Il est reconnu que les actions combinées (effets de synergie et/ou d’antagonisme) liées à la présence de
mélanges de polluants dans les RUTP ne peuvent être prévues à partir de la seule connaissance des
concentrations chimiques en ces polluants. L’utilisation d’essais sur les organismes biologiques permet de
pallier ces manques [ADEME, 2005].
On peut procéder à la caractérisation écotoxicologique d’un rejet au moyen de deux approches
complémentaires : soit on considère l’échantillon comme un tout indivisible, donc une « matrice », soit on
l’approche en fonction de ses différentes composantes, c’est l’approche dite « substances ».
2.1 Approche substance
Les approches « substances » impliquent deux étapes complémentaires. On fait tout d’abord appel à
l’analyse physico-chimique de la matrice polluante concernée en vue de déterminer les polluants qu’elle
contient. Ces polluants sont les agents potentiellement dangereux à partir desquels on réalisera la
caractérisation des effets de la matrice étudiée. Un nombre important de ces composés peut être mis en
évidence dans une matrice polluante, cependant il est admis de procéder au choix de certains composés qui
joueront alors le rôle de « traceurs de risque ». Le choix des traceurs découle d’un consensus permettant de
retenir un ensemble de polluants pertinents et/ou spécifiques au scénario étudié. Ces traceurs de risque
peuvent, par conséquent, être de natures diverses : inorganiques, organiques ou biologiques.
On procède ensuite à la mise en œuvre d’essais écotoxicologiques sur des gammes de concentrations des
traceurs de risques sélectionnés. Cette approche est conseillée lorsqu’il s’agit d’une matrice relativement
bien connue et relativement simple (c’est-à-dire dans laquelle seuls quelques toxiques prédominent).
2.2 Approche matrice
Tout comme l’approche « substances », l’approche « matrice » réclame la mise en œuvre d’essais
écotoxicologiques en vue d’apprécier les effets d’une matrice sur des organismes. Mais dans le cadre de
cette approche on expose les organismes considérés à la matrice tout entière. On utilise cette approche
lorsqu’aucun toxique ne domine dans la matrice et/ou que la nature des substances présentes est incertaine.

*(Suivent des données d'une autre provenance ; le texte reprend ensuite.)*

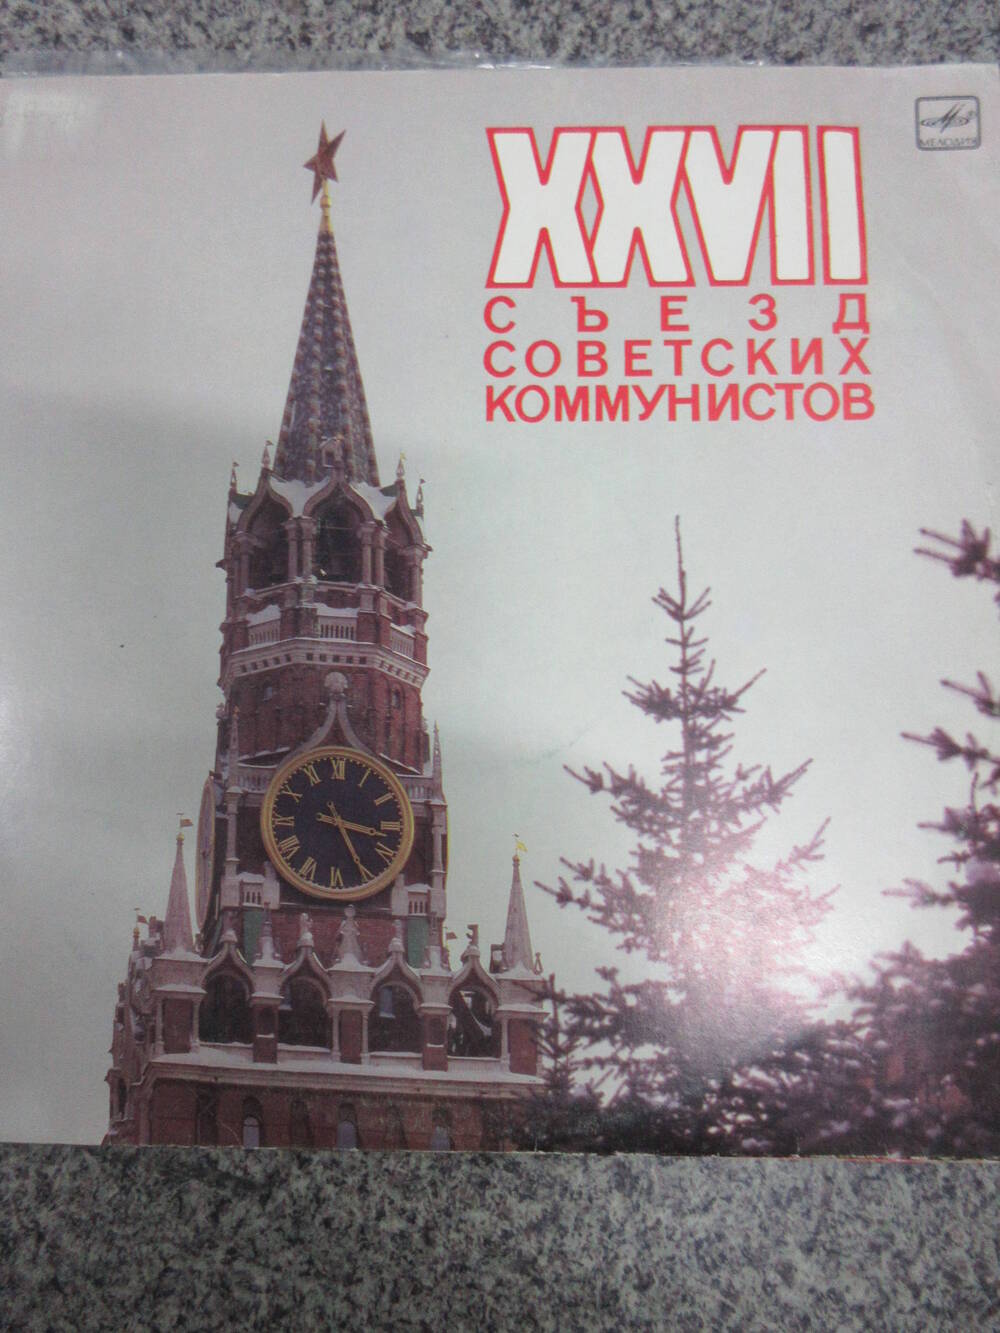 Пластинка XXVII съезд советских коммунистов часть 1 (в пакете 1980-х годов)

Pour mettre en évidence des effets, il est possible d’utiliser différents niveaux d’organisation biologique et
différentes échelles d’expérimentation. On peut sélectionner un certain nombre de bioessais mono-
spécifiques qui constitueront une « batterie de bioessais mono-spécifiques », tout comme on peut recourir à
des « bioessais pluri-spécifiques ». La notion de batterie de « bioessais mono-spécifiques » fait référence à
différents bioessais (normalisés ou non) réalisés séparément sur la même matrice (ou le même polluant).
Les « bioessais pluri-spécifiques » font intervenir plusieurs espèces d’organismes mais simultanément au
contact de la matrice, avec des niveaux d’organisation écologiques supérieurs (cf. partie 3).

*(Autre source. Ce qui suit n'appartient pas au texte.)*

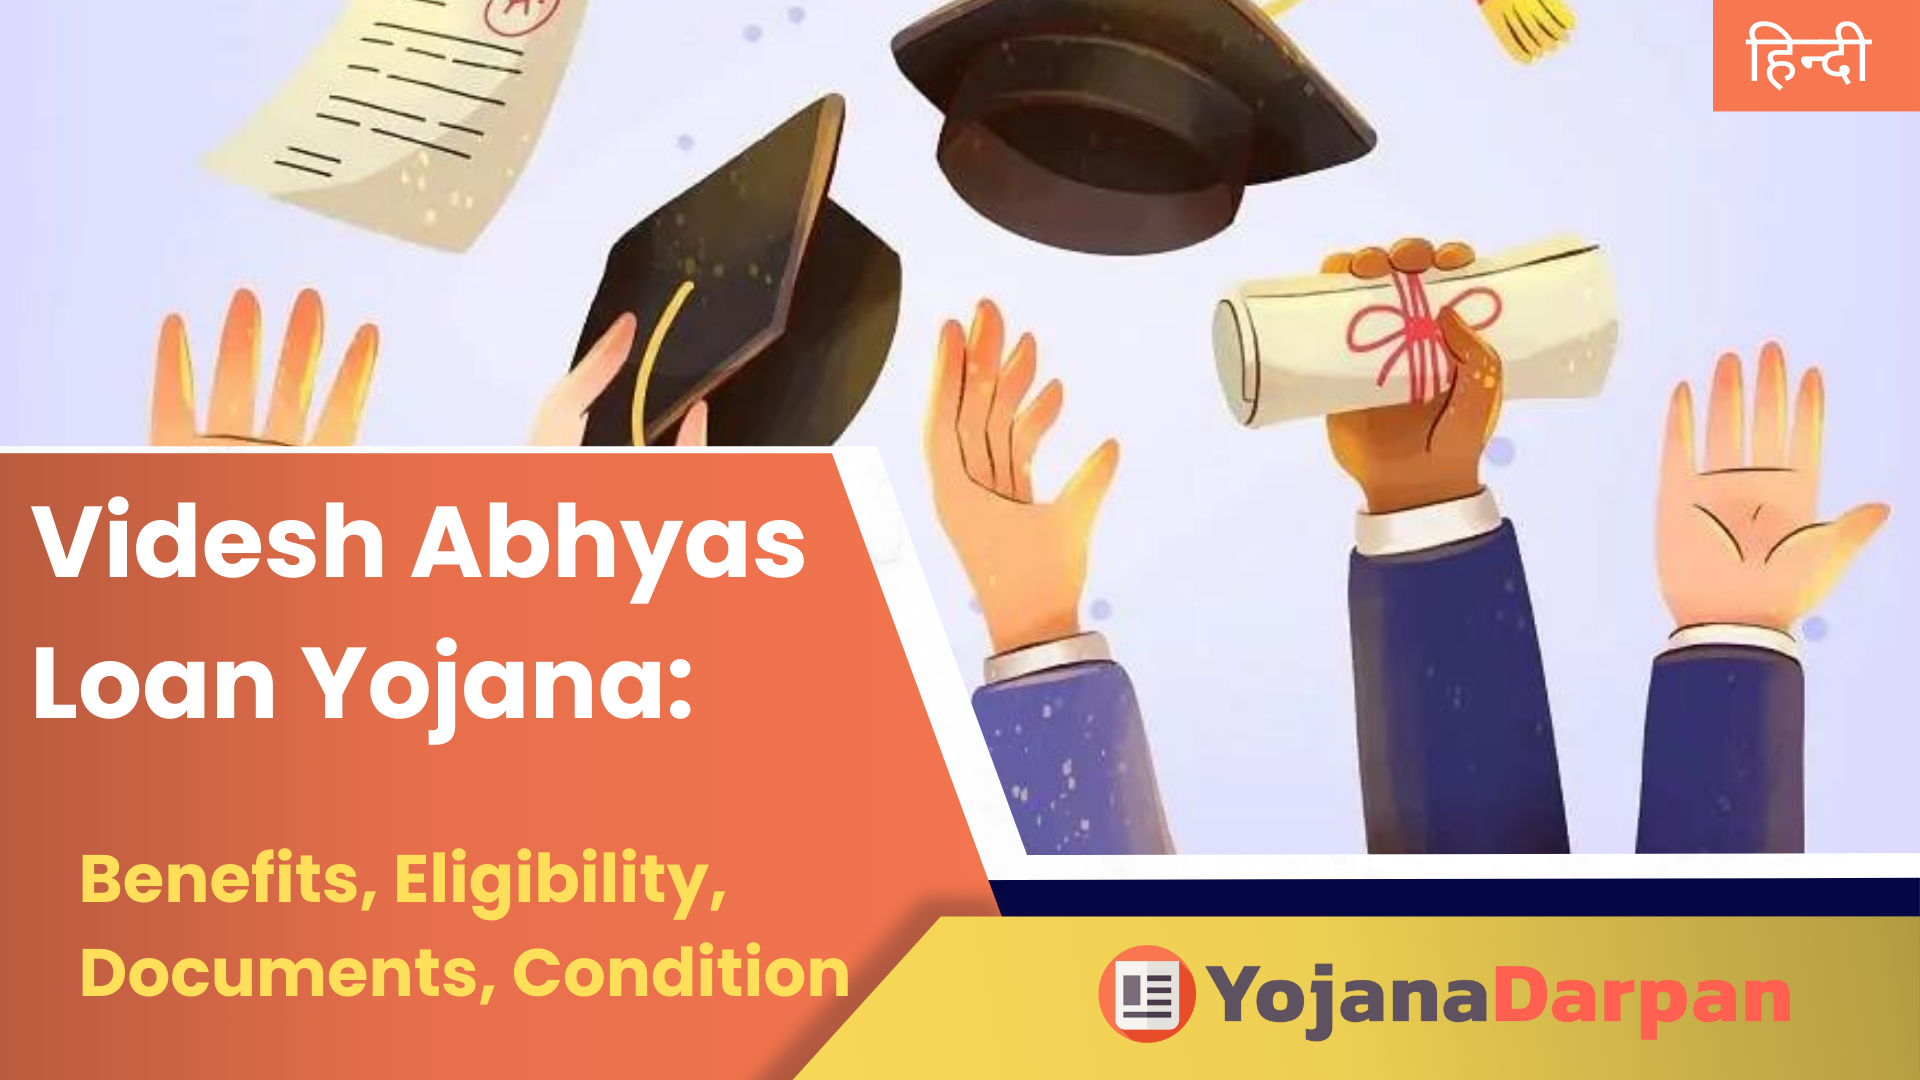 Videsh Abhyas Loan Yojana

L’analyse physico-chimique de la matrice polluante étudiée ne joue donc plus le rôle prépondérant qui lui est
attribué dans les approches « substances » pour l’estimation des valeurs de PNEC. Néanmoins, la
caractérisation physico-chimique de la matrice apporte des informations complémentaires sur les
concentrations en éléments potentiellement toxiques présents dans cette matrice.
La figure 3 compare caractéristiques, avantages, limites et applicabilité de ces deux types d’approche.
Figure 3 : tableau comparatif des approches substances et matrices [ADEME, 2007]
Attardons-nous maintenant sur les bio-essais pouvant être utilisés dans le cadre d’une étude portant sur les
impacts écologiques des RUTP.
3 L’évaluation écotoxicologique des RUTP : les essais en conditions contrôlées
Chez un organisme vivant, un stress toxique agit à différents niveaux : de la molécule à la physiologie en
passant par la cellule [Moore et al., 1987] et à différentes échelles de temps. Ainsi, afin de mettre en
évidence ce stress chez les macro-invertébrés aquatiques, différents biomarqueurs, correspondant à des
échelles de travail différentes, ont été proposés.